### [What the exercise asks]
From the listing below, reproduce word for word the part that opens with the line containing "8884b1429ab Ugg Australia" and closes with the line containing "Ariana Grande Kicks"; reproduce nothing else.

### [The data]
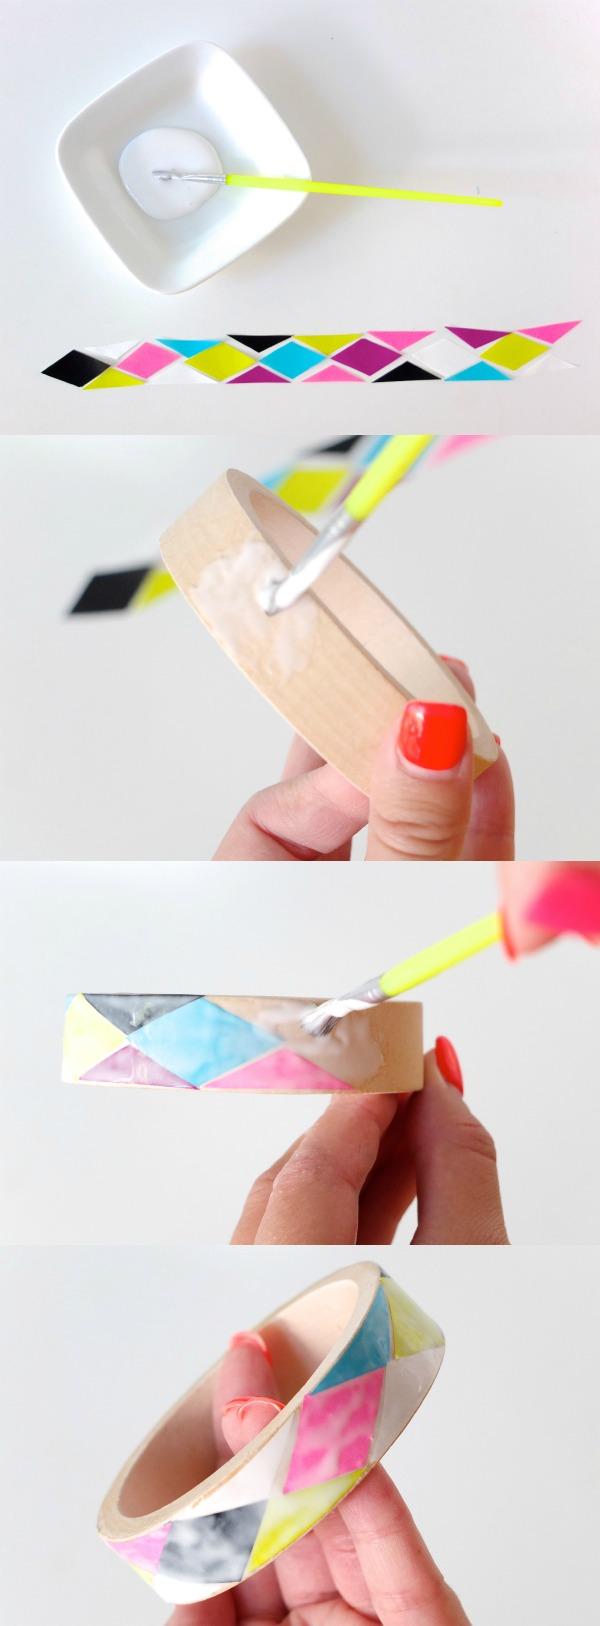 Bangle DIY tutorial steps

...

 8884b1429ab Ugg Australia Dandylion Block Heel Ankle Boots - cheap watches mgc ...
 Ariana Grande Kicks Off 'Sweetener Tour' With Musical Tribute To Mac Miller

### [Solution for this task]
 8884b1429ab Ugg Australia Dandylion Block Heel Ankle Boots - cheap watches mgc ...
 Ariana Grande Kicks Off 'Sweetener Tour' With Musical Tribute To Mac Miller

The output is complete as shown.